What are the strengths and weaknesses of Geneva with regards to the development of your activity?

Even though Gavi is an international organization it is without a doubt Swiss-born and bred! It was first launched in Davos at the World Economic Forum and has been based here, in Geneva, ever since. Given that Geneva is the international capital of global health and home to the WHO and parts of UNICEF, it makes a lot of sense being here. It puts us in close proximity to some of our core partners, as well as a range of others like IFRC, IOM, and UNHCR, and this helps to build stronger relationships which is what we thrive on. As a highly innovative organization that is built on cooperation, this is what makes Gavi so effective and impactful. In fact, in the few years since we moved to the Global Health Campus, sharing our premises with the Global Fund and UNITAID, among others, has already helped to foster new and close collaborations. We’ve certainly come a long way since our humble beginnings, taking up just five desks in a small UNICEF basement office! And of course, Geneva is an incredibly multi-cultural city, which not only reflects Gavi’s make-up, but it also makes it an exciting and interesting place to live and work. 

Being located centrally in Europe has its advantages, but it also means we are a long way from most of the countries we support. We are a very lean organization with just our Geneva HQ and a small satellite office in Washington DC, and therefore have no people based in the countries with work support. This can create challenges. For example, one of the downsides of living in a global village like Geneva is that its airport is relatively small. This means that if ever you need to have face-to-face interactions with in-country partners or visit programs or manufacturers, which under normal circumstances is frequently necessary, direct flights are rarely available. Since COVID-19, travel restrictions have of course made that even more difficult. And given how the pandemic and vaccine inequity have intensified the economic and health gaps between lower-income countries that Gavi and COVAX support and countries like Switzerland, it can sometimes feel like we are even further away from the issues we are trying to help with. 
 

Organization


What do you think global governance should look like 20 or 30 years from now?

My hope is that if anything positive is to come from this pandemic, it is that the world will learn important lessons that ensure we never again have to experience a global health crisis on the scale we are seeing today. The fact is, even though this pandemic clearly caught the world off-guard, many of us have been warning for years about the growing risk of pandemics, and the broader impact they can have on societies and economies. Governments and global leaders need to stop waiting until the infectious disease becomes a risk to global security before they start treating it like one. That means building on the lessons learned and strengths proven during this pandemic so we can better plan and prepare for the next one because there will be a next one. The nature of infectious diseases means that it is not a question of if another virus will emerge with pandemic potential, but when. That is an evolutionary certainty. 

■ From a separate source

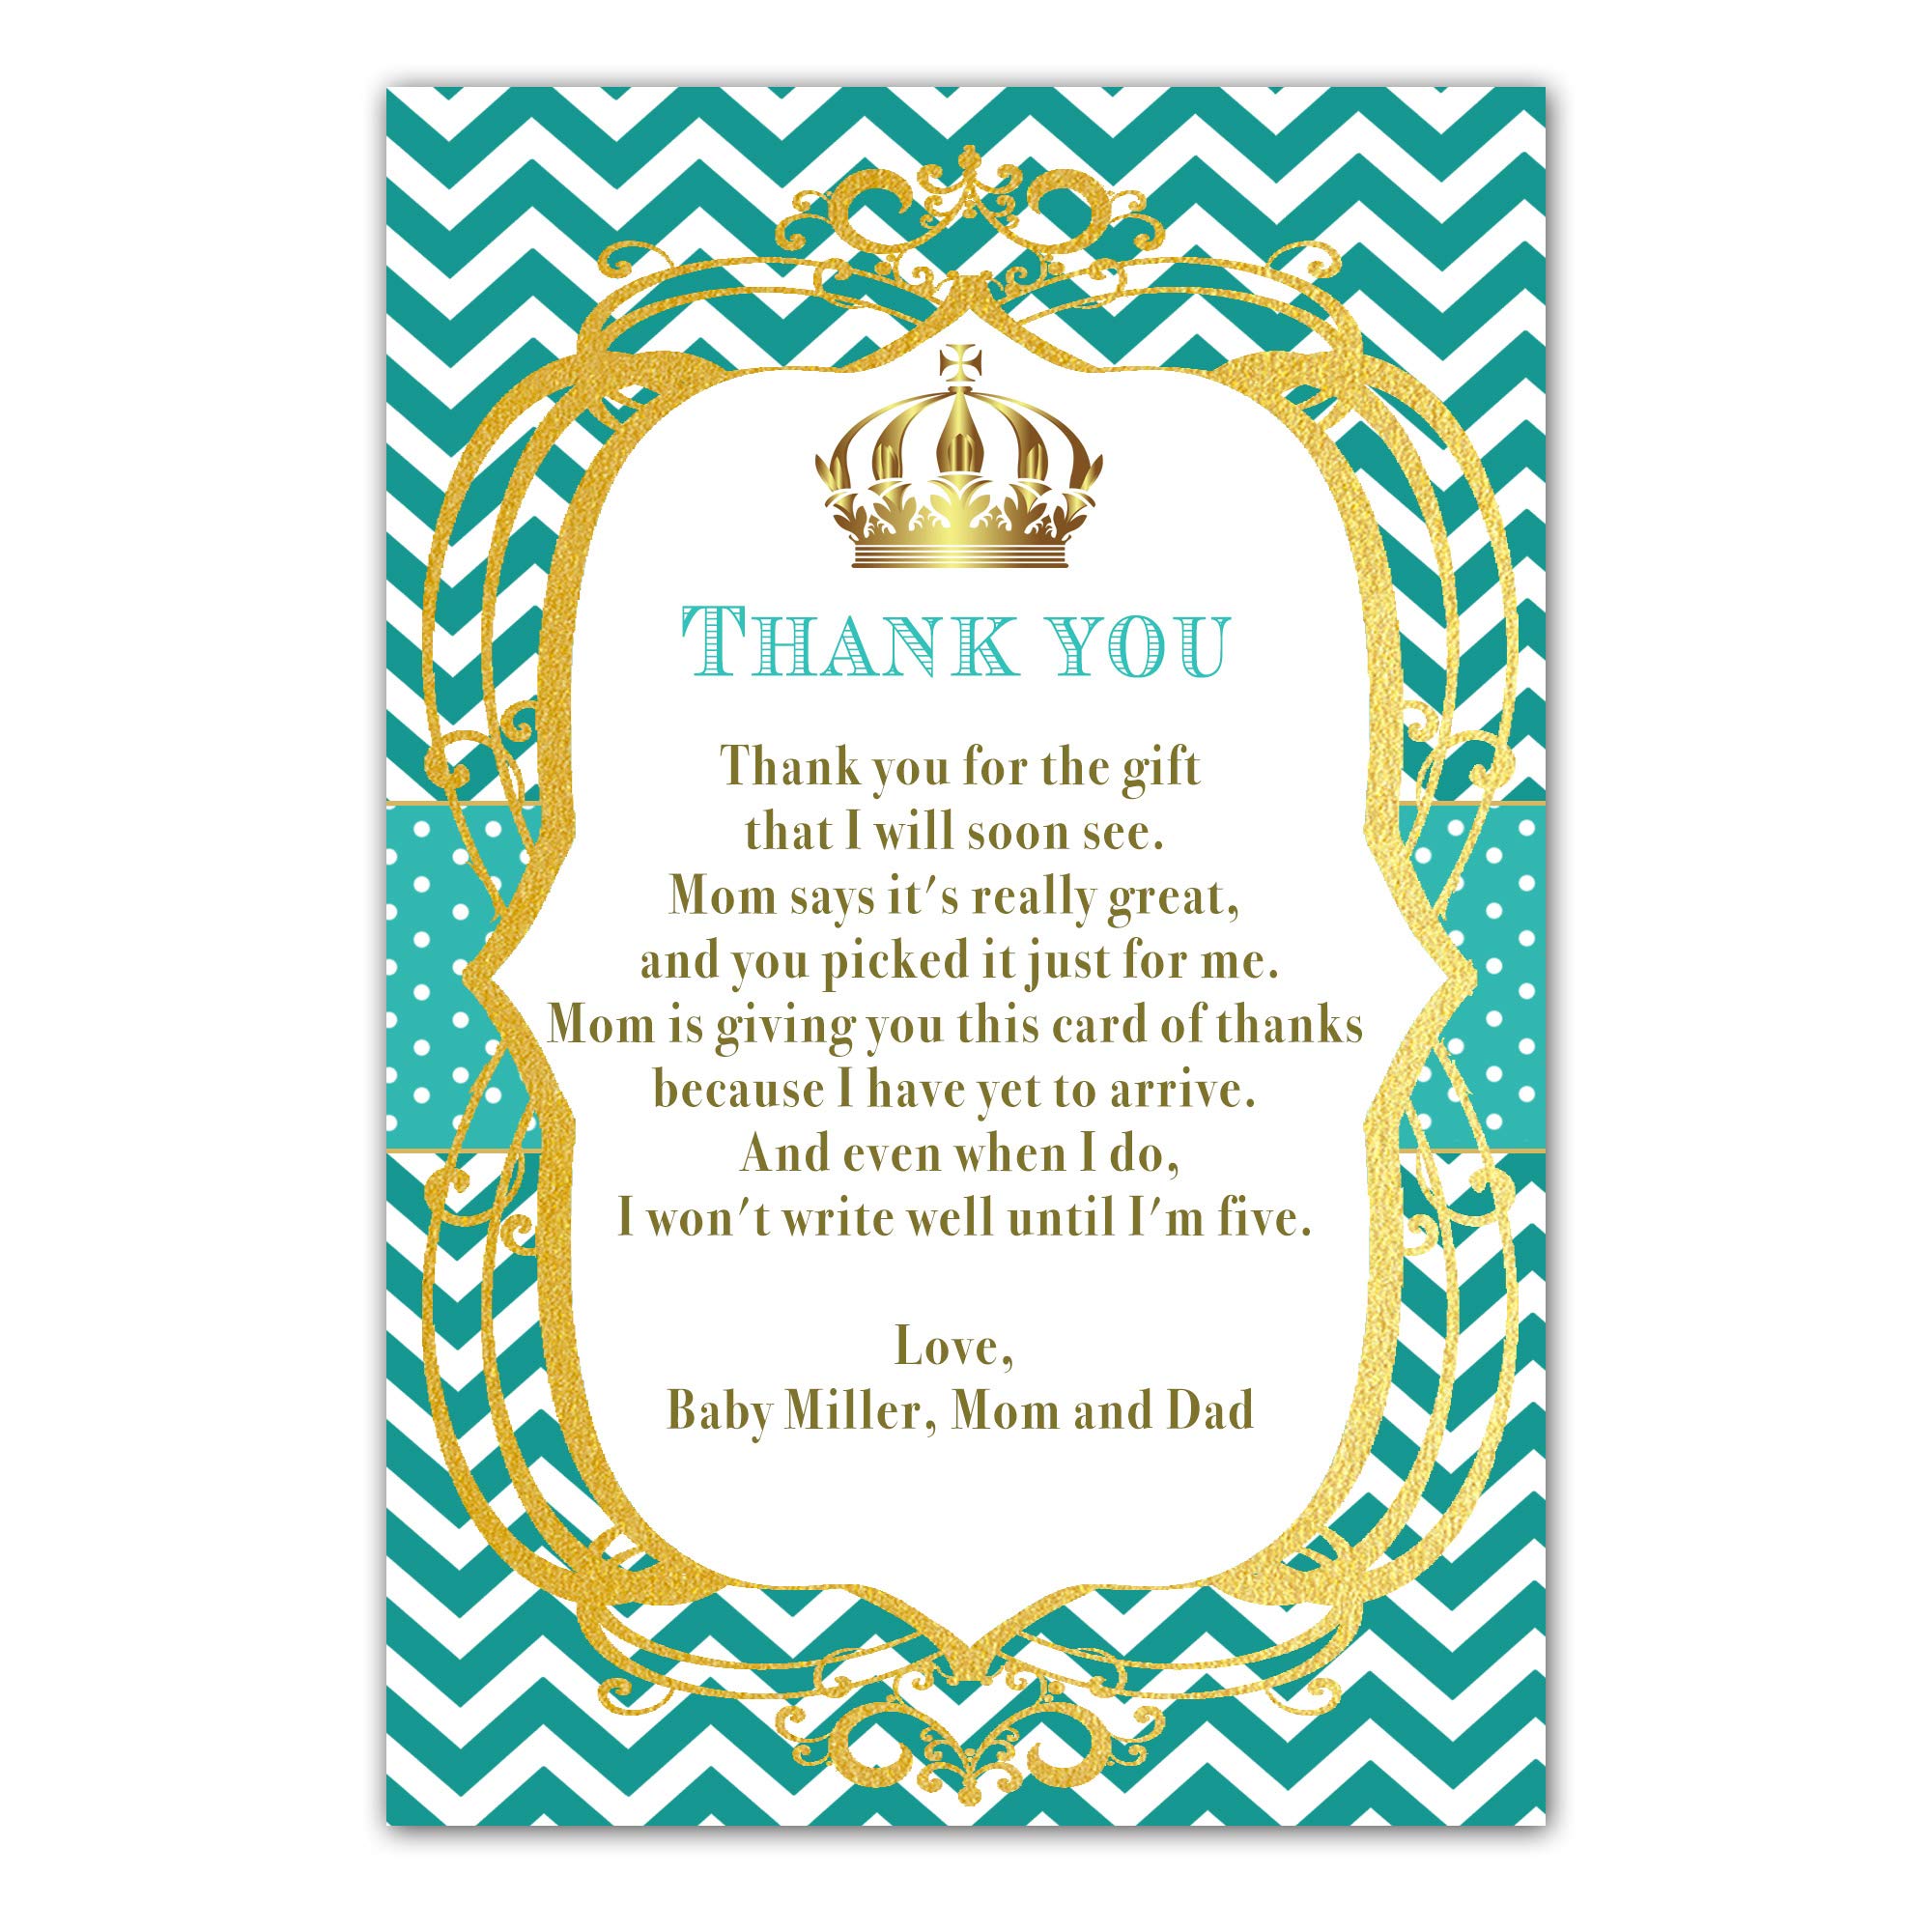 30 Thank You Cards Prince Princess Baby Shower Teal Photo Paper
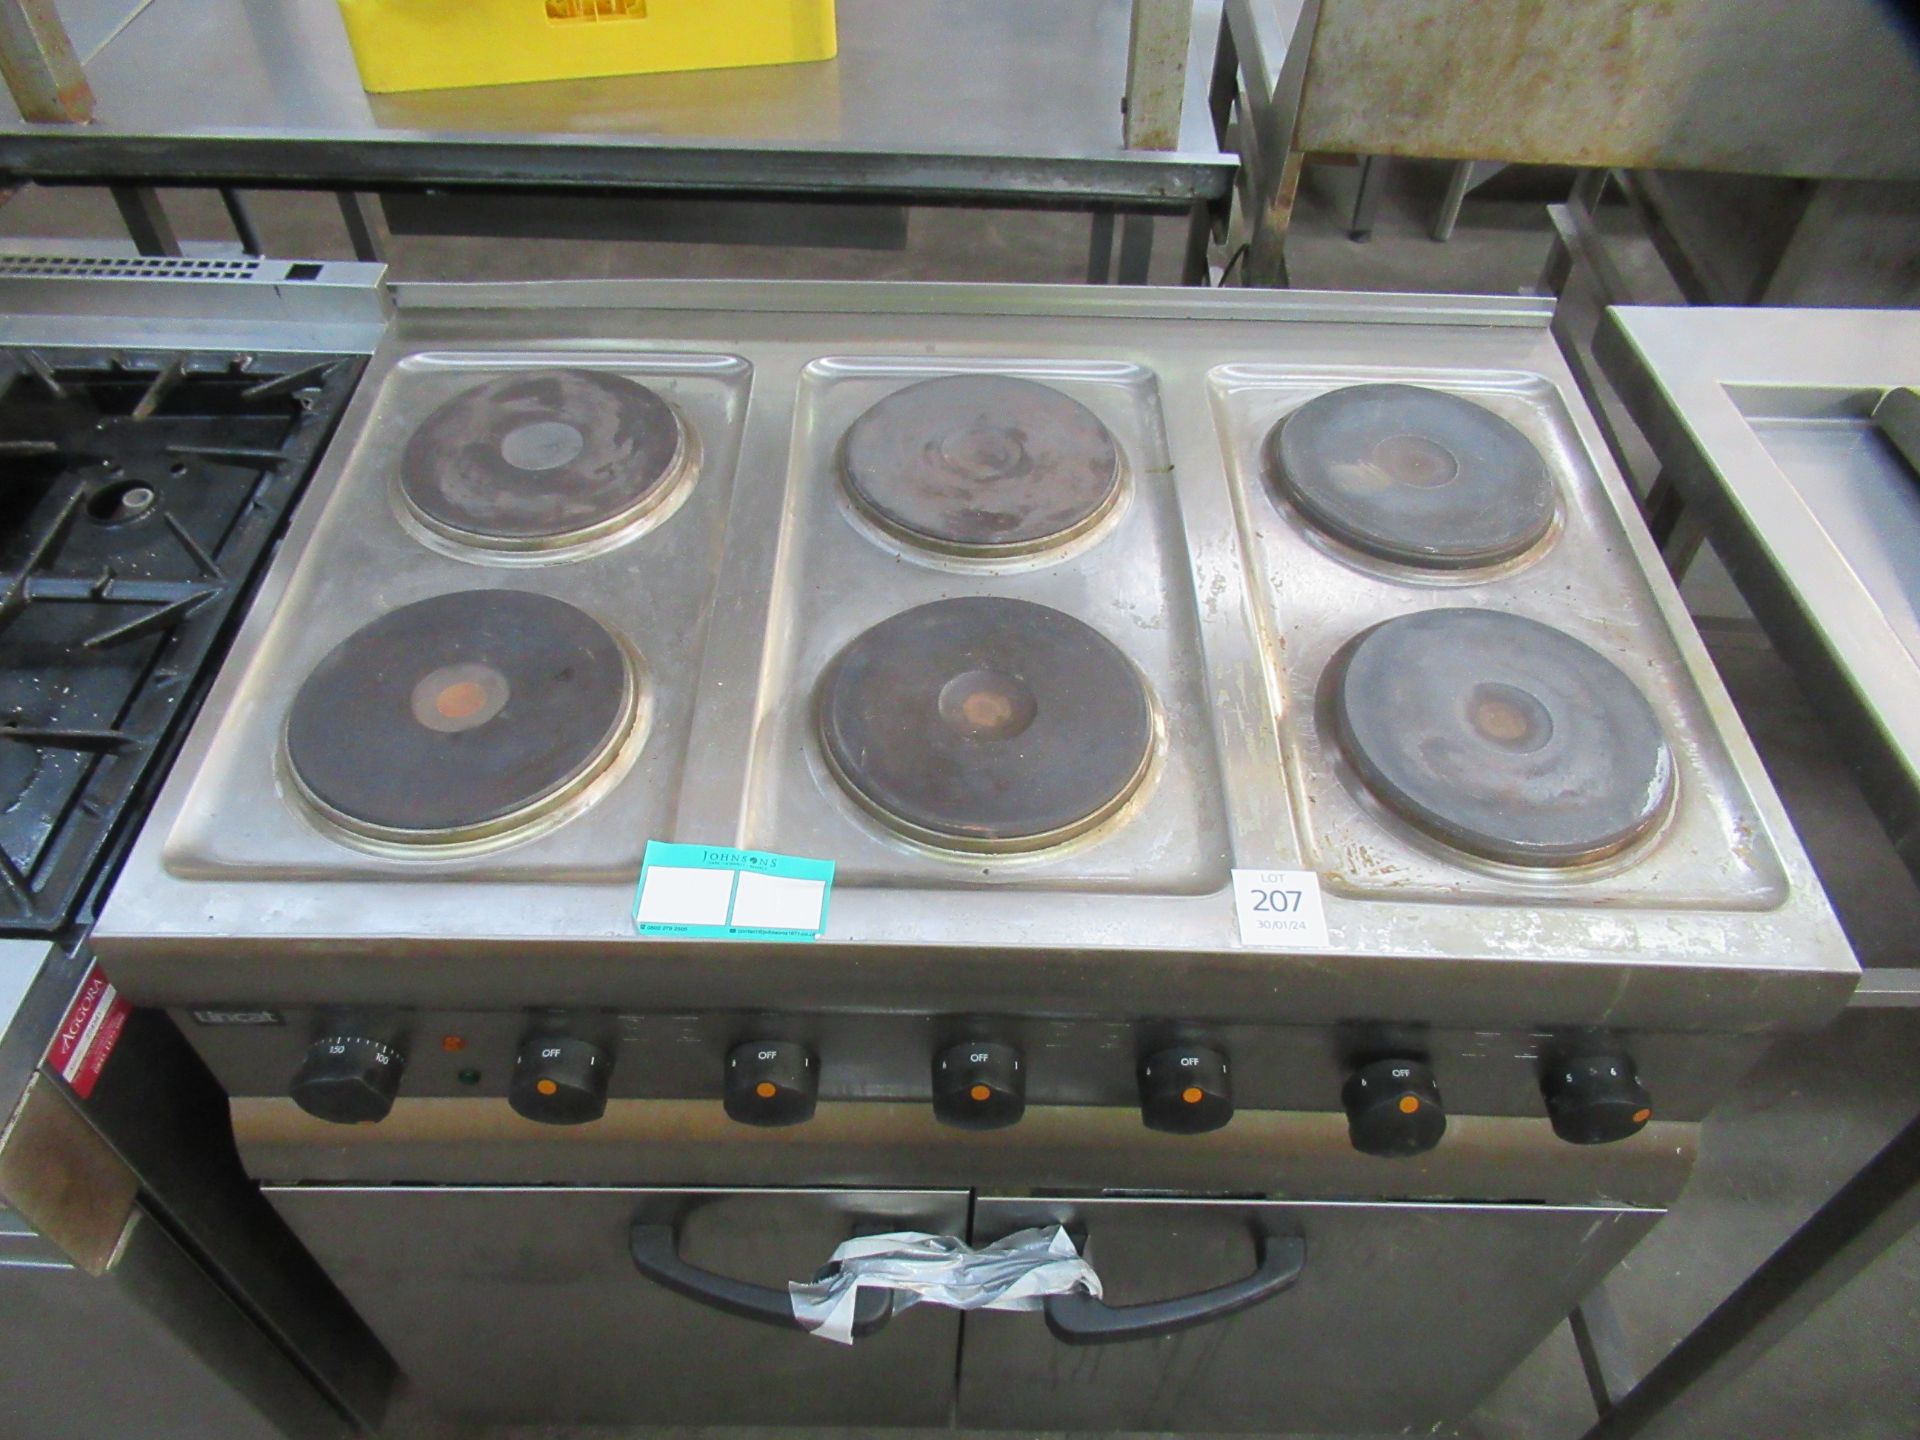 Lincat Commercial Catering Six Ring Electric Cooker - 3ph. - Image 2 of 2

Today we are seeing the risks posed by infectious disease not just for global health security but for global security and stability. COVID-19 is our wake-up call. With the right support, we can mitigate much of the risk by improving people’s access to health. If people have better access to primary health care, we can improve surveillance and our response, both of which reduce the chances of escalation, and we can mitigate the impacts if escalation does occur. But that can only happen if pandemic prevention and response becomes a global priority and receives the same focus and attention as other global threats. And COVAX has shown that this can only be achieved if global leaders work together towards truly global solutions. Whatever form pandemic preparedness takes moving forwards the reality that “no-one is safe, until everyone is safe” has to be the legacy of COVID-19.